The syntax that we provide to model any knowledge domain is highly coupled to the information that we need to retrieve for providing the values for “individual”, “not”, “quantifier”, “fuzzy-pred”, “non-fuzzy-pred”, “comp-op” and “value”, and to present the answers in a human-readable way. This is why when we provide its semantics we do it in two ways: by providing the formal ones and by providing what the web interface understands from them. We present first a brief but, for our purposes, complete introduction to the multi-adjoint semantics with priorities that we use to give formal semantics to our syntactical constructions. For a more complete description we recommend reading the papers cited below.

The structure used to give semantics to our programs is the multi-adjoint algebra, presented in [1014, 16]. The interest in using this structure is that we can obtain the credibility for the rules that we write from real-world data, although this time we do not focus in that advantage.

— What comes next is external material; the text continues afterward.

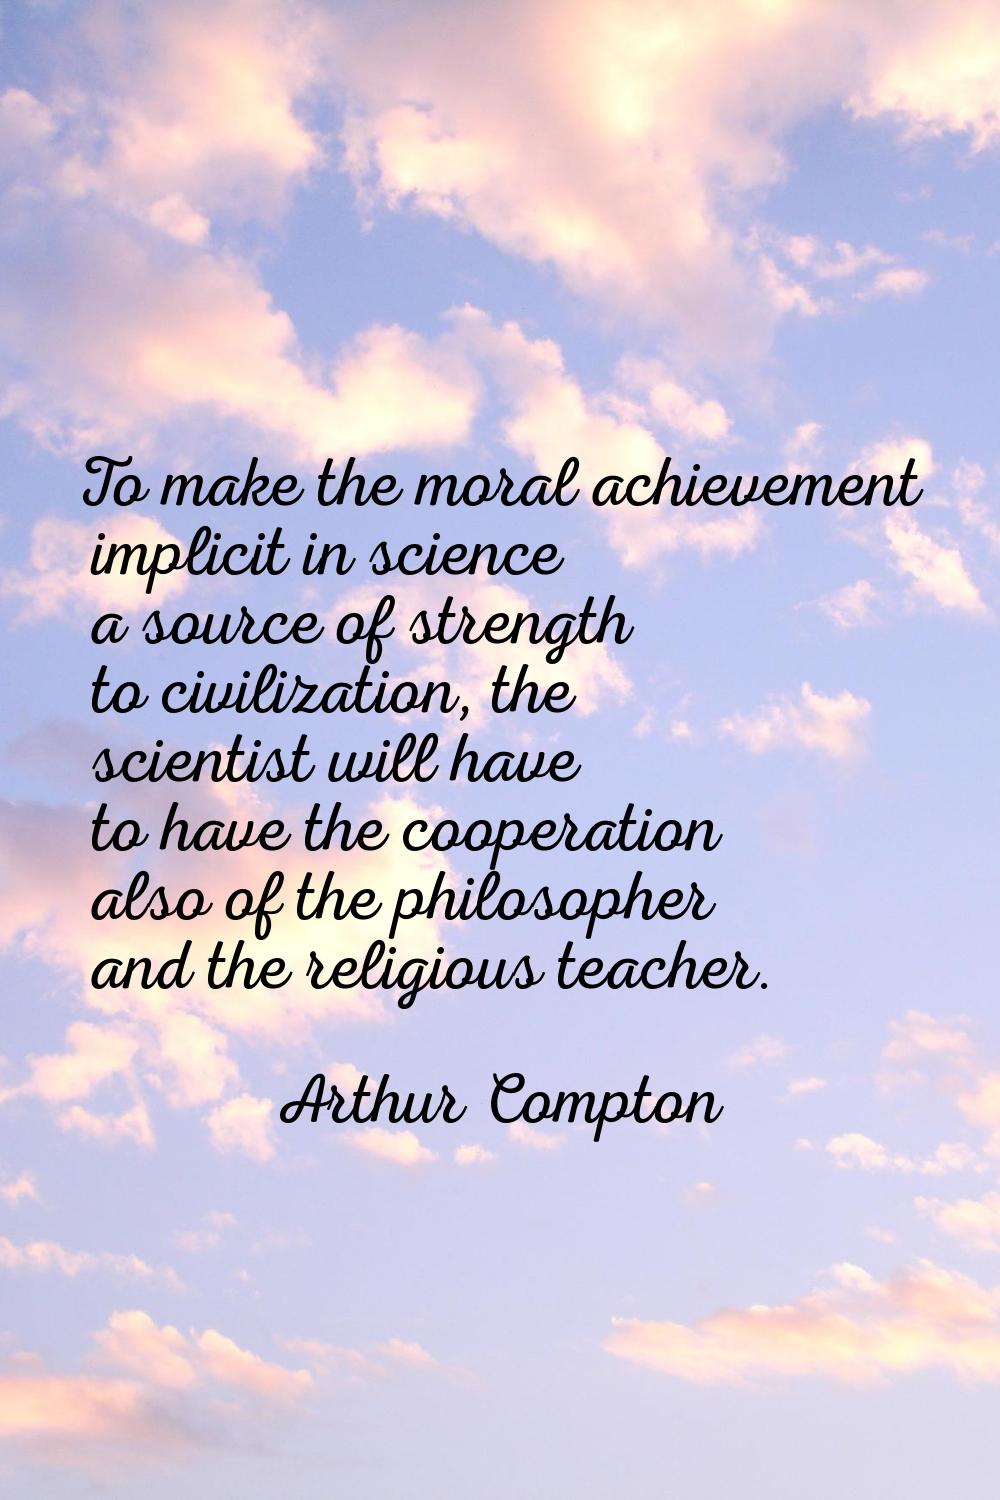 To make the moral achievement implicit in science a source of strength to civilization, the scienti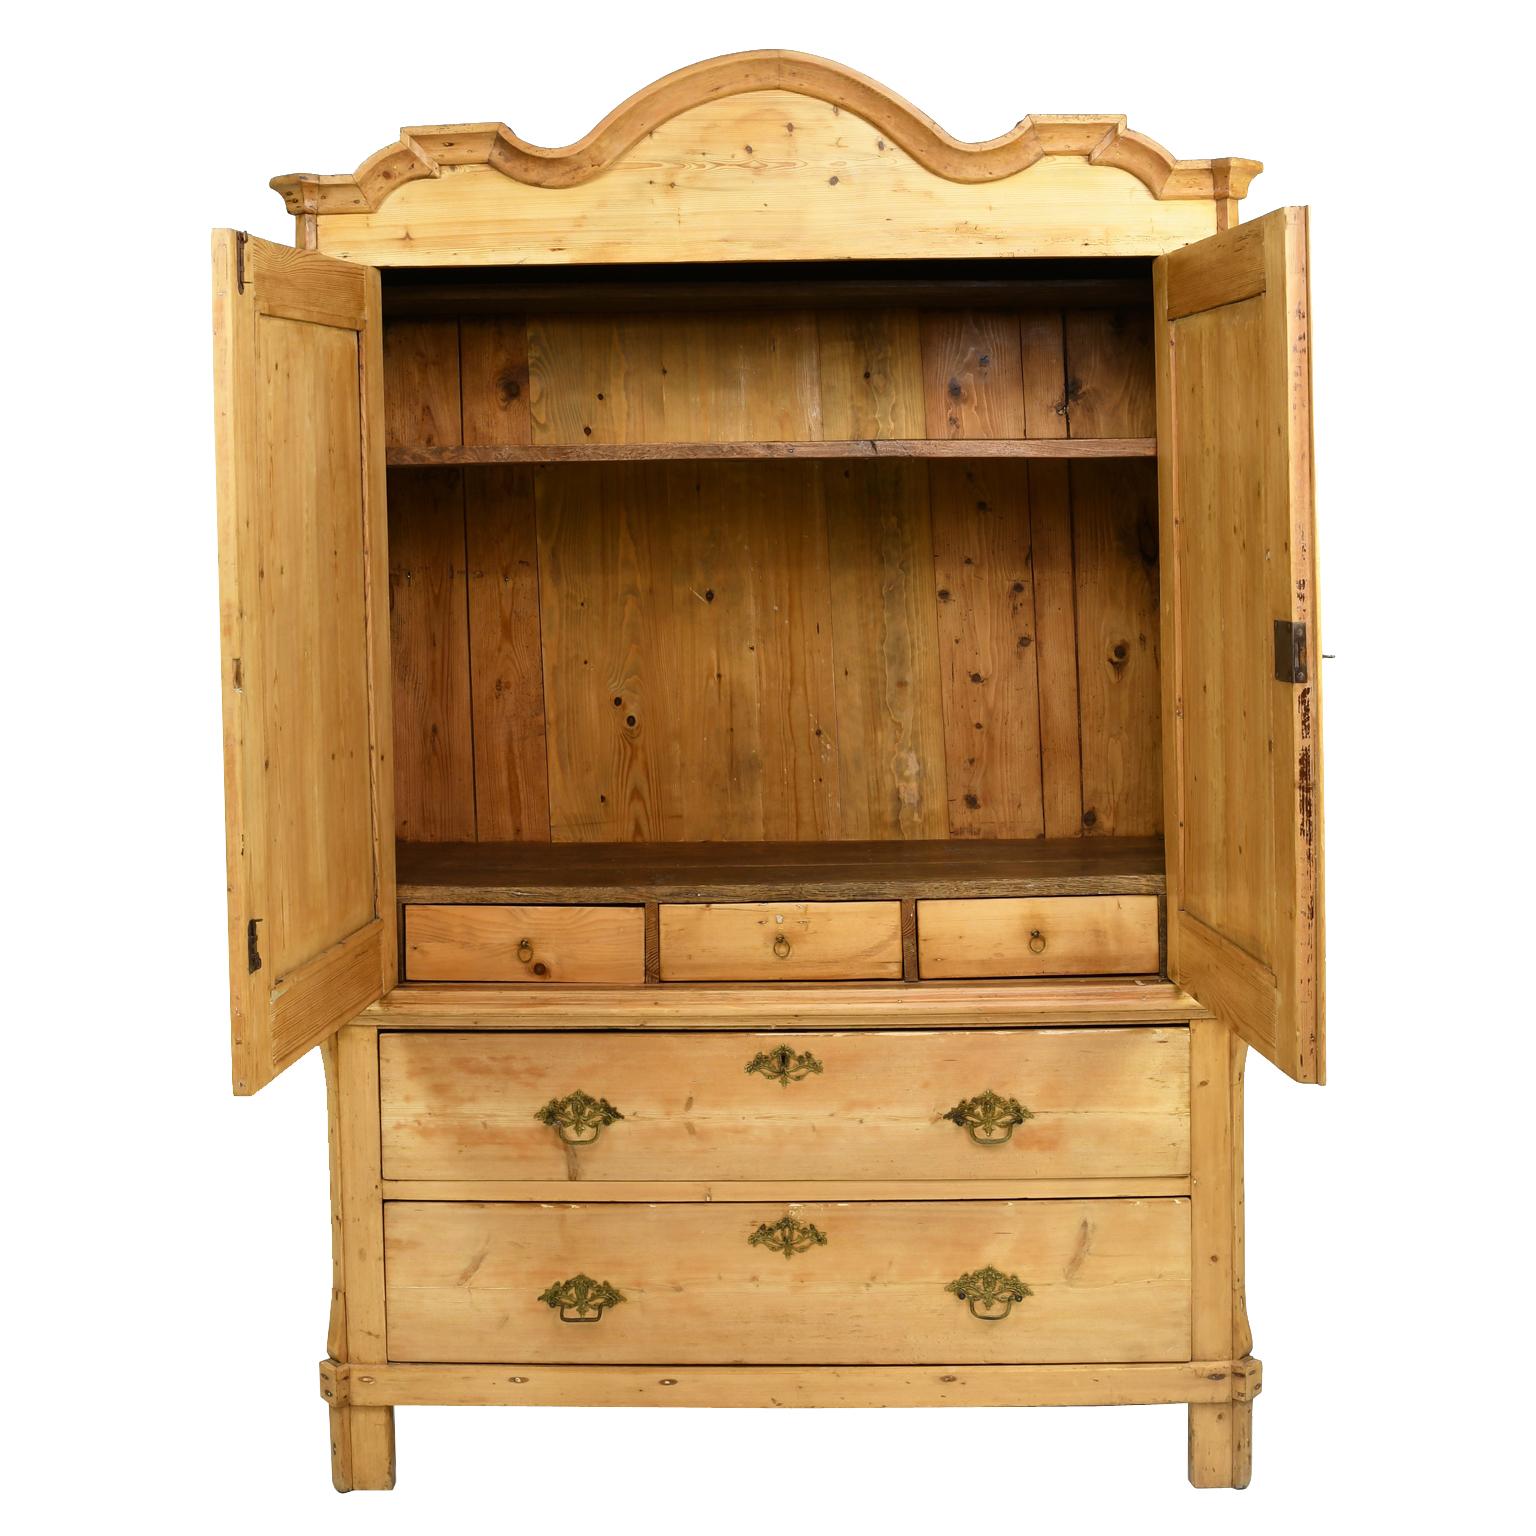 A lovely Dutch linen press or kast (cabinet) in light, honey-colored pine from the Netherlands, circa 1820, during the reign of King William I. Features an arched bonnet over a cabinet with two doors with recessed panels that have scalloped borders,

We simply highlight this fact so the reader knows why this structure and not some other one.

This structure provides us with the basis, but for our purposes we need that the maximum operator used to decide between multiple rules results the valid one chooses the value of the less generic rule instead of just the higher value. This is why we take as point of departure the work [18]. Definitions needed to understand the formal semantics are given in advance, as usually.

In [18] the meaning of a fuzzy logic program gets conditioned by the combination of a truth value and a priority value. So, the usual truth value \(\mathsf {v}\in [0, 1]\) is converted into \( ( \mathsf {p},~\mathsf {v}) \in \varOmega ^{(0)}\), a tuple of real numbers between 0 and 1 where \(\mathsf {p}\in [0, 1]\) denotes the (accumulated) priority. The usual representation \((\mathsf {p}, \mathsf {v})\) is sometimes changed into \((\mathsf {p}\mathsf {v})\) to highlight that the variable is only one and it can take the value \(\bot \). The set of all possible values is symbolized by \(\mathbf {KT}\) and the ordering between its elements is defined as follows:

Definition 1

(\(\preccurlyeq _{~\mathbf {KT}}\))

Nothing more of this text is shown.